この書の白眉は、捜査にあたった警視庁公安部の刑事等、事件関係者への丹念なインタビューにより、昭和50年5月19日(1975年)犯人逮捕に至るまでの経緯が、捜査官を含めすべて実名で詳細に述べられていること。犯人グループにせまる警視庁公安部の捜査の様子がまるで現場にいるかのように詳しい。

事件発生当時の首相は田中角栄、田中角栄はこの年12月に退陣し、三木武夫内閣が誕生している。

三菱重工ビル爆破事件

ダイナマイト700本分の爆薬が使われ、死者8名、重軽傷者385名の惨事となった。犯行声明を出したのは「東アジア反日武装戦線 狼」と名のるグループ。
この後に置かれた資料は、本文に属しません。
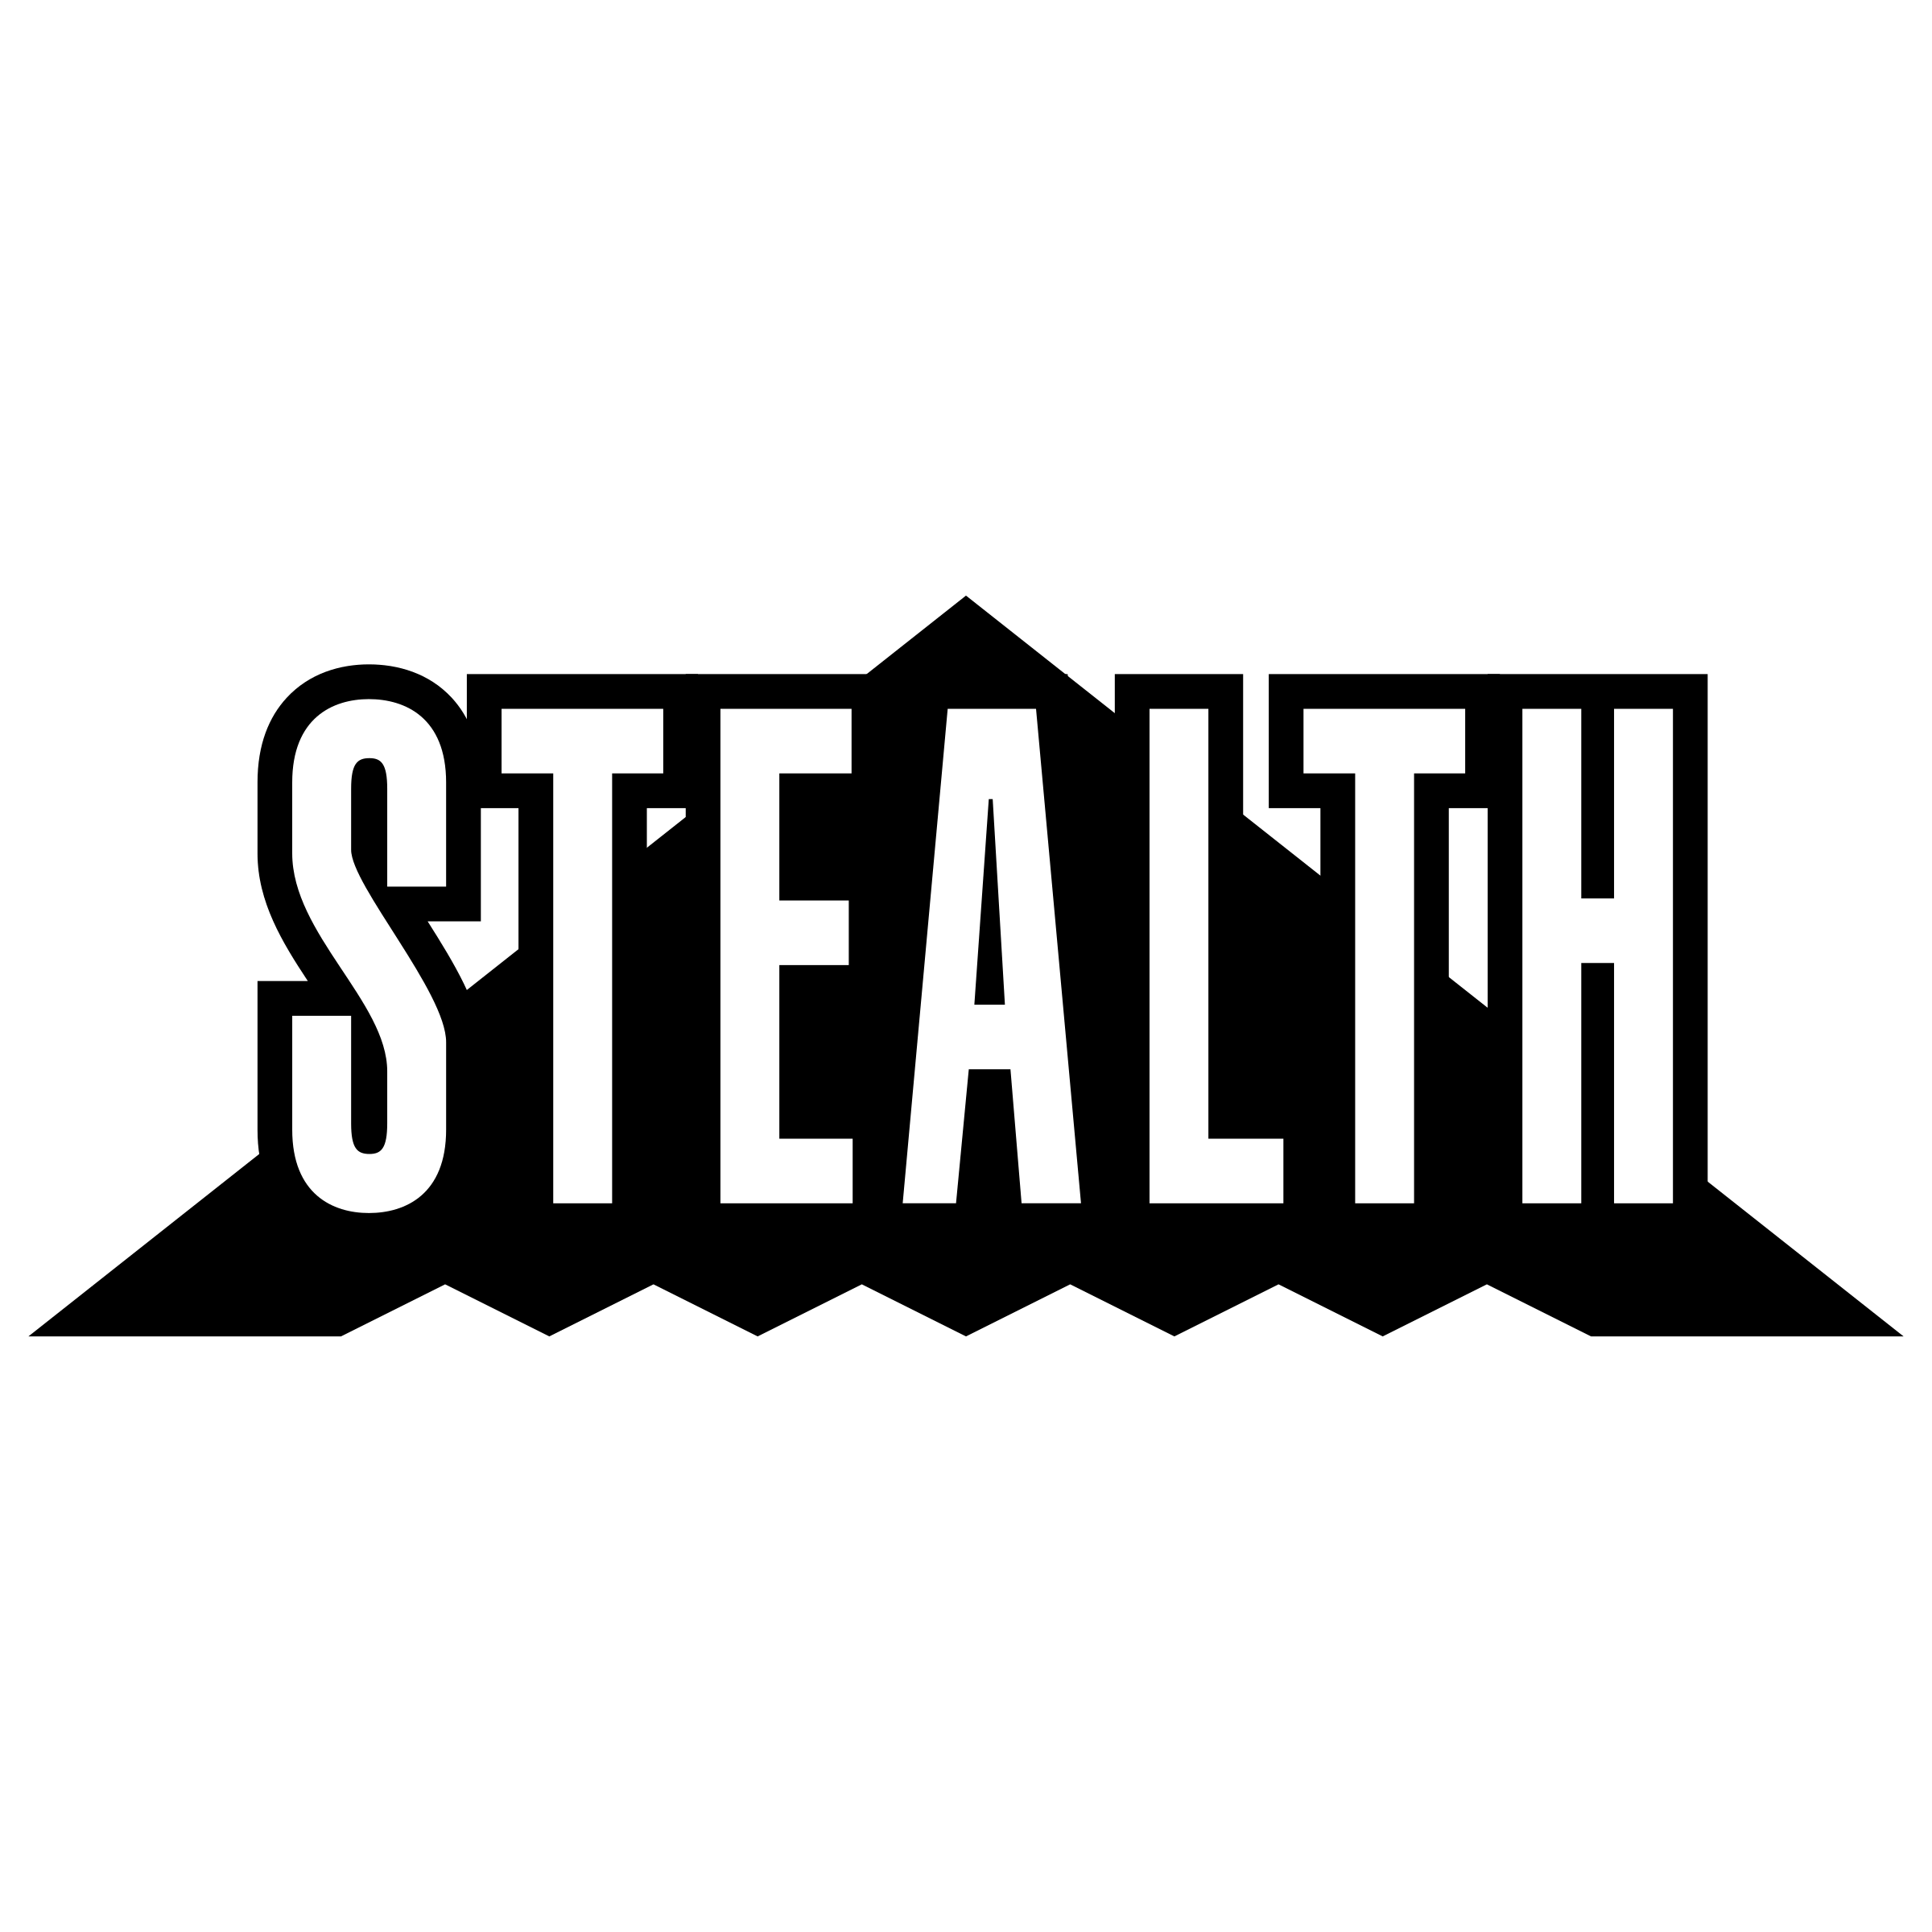 Stealth Logo - Stealth Logo PNG Transparent & SVG Vector - Freebie Supply

以後、逮捕に至るまで連続企業爆破事件を起こすことになる。

土田警視総監

被疑者逮捕時の警視総監は土田國保氏。

警視庁警務部長の任についていた1971年12月、同期からの贈答品を偽装した郵便爆弾により夫人の民子さんが爆殺されている。

民子夫人の実父である野口氏は、「民子は苦しみましたか。…そうでしたか。それならよかった。数万の職員に代わって逝ったことだろうから、民子も悔いてはいないだろう。」と述べたという。

土田氏は、この時の記者会見でこのように述べている。「……犯人に私は呼びかけたい。君らは卑怯だ。自分の犯した重大な結果について自ら進んで責任を負うことはできないだろう。しかし少なくとも一片の良心があるならば、このような凶行は今回限りでやめてもらいたい。そして、私の家内の死が善良な何の関係も無い都民、あるいは警視庁の第一線で働いている交番の巡査諸君や機動隊の諸君や家族の身代わりになってくれたのだというような結果がここで生まれるならば私は満足いたします。以上です。」

深い悲しみと怒りを胸内にとどめての二人の言葉であったのだろうと察する。

捜査と報道

捜査は、スクープを狙い捜査関係者に夜討ち朝駆けをかける報道とのせめぎ合いでもあったようだ。

情報管理をつくしても、どこからか捜査情報は洩れるのであろう。逮捕決行日を5月19日と決めたその前夜5月18日の夜、被疑者逮捕の情報を掴んだ記者が土田警視総監宅を訪れる。

要件は、5月19日の朝刊に被疑者逮捕の記事を載せるということである。土田警視総監は記者に懇願する。「輪転機を止めてください。危険です。犯人たちは、すでに次の爆弾を持っている。もし、気づかれたら、捜査官だけでなく、一般市民にも被害が及ぶ可能性がある。」

「人命を脅かす危険性の回避」か「スクープ報道」か。新聞社上層部は「スクープ報道」を優先する。

5月19日早朝、捜査官はこれから行うはずの逮捕がすでに書かれている朝刊を目にする。捜査幹部からの指示は「犯人が新聞記事を目にする前に逮捕せよ。」

7名の被疑者が逮捕される。内1名は所持していた薬により服毒自殺。

超法規的措置

同年8月、マレーシアのアメリカ大使館とスウェーデン大使館を日本赤軍が占拠、彼らの要求により、日本政府は「連続企業爆破事件」の被疑者1名を釈放。1977年、ダッカ事件(日航機乗っ取り)、同じく2名を釈放。

思えば四十数年も前の出来事、しかしながら、読んでよかったと思う一冊だった。

  • 1974年8月30日…三菱重工爆破事件…「狼」 8名が死亡、385人が重軽傷。
  • 1974年10月14日…三井物産爆破事件…「大地の牙」 17人が重軽傷。
  • 1974年11月25日…帝人中央研究所爆破事件…「狼」
  • 1974年12月10日…大成建設爆破事件…「大地の牙」 9人が重軽傷。
  • 1974年12月23日… 鹿島建設爆破事件…「さそり」
  • 1975年2月28日…間組爆破事件…「大地の牙・狼・さそり」 5人が負傷。
  • 1975年4月19日…-韓国産業経済研究所爆破事件…「大地の牙」
  • 1975年4月28日…間組京成江戸川作業所爆破事件…「さそり」 1人が重傷。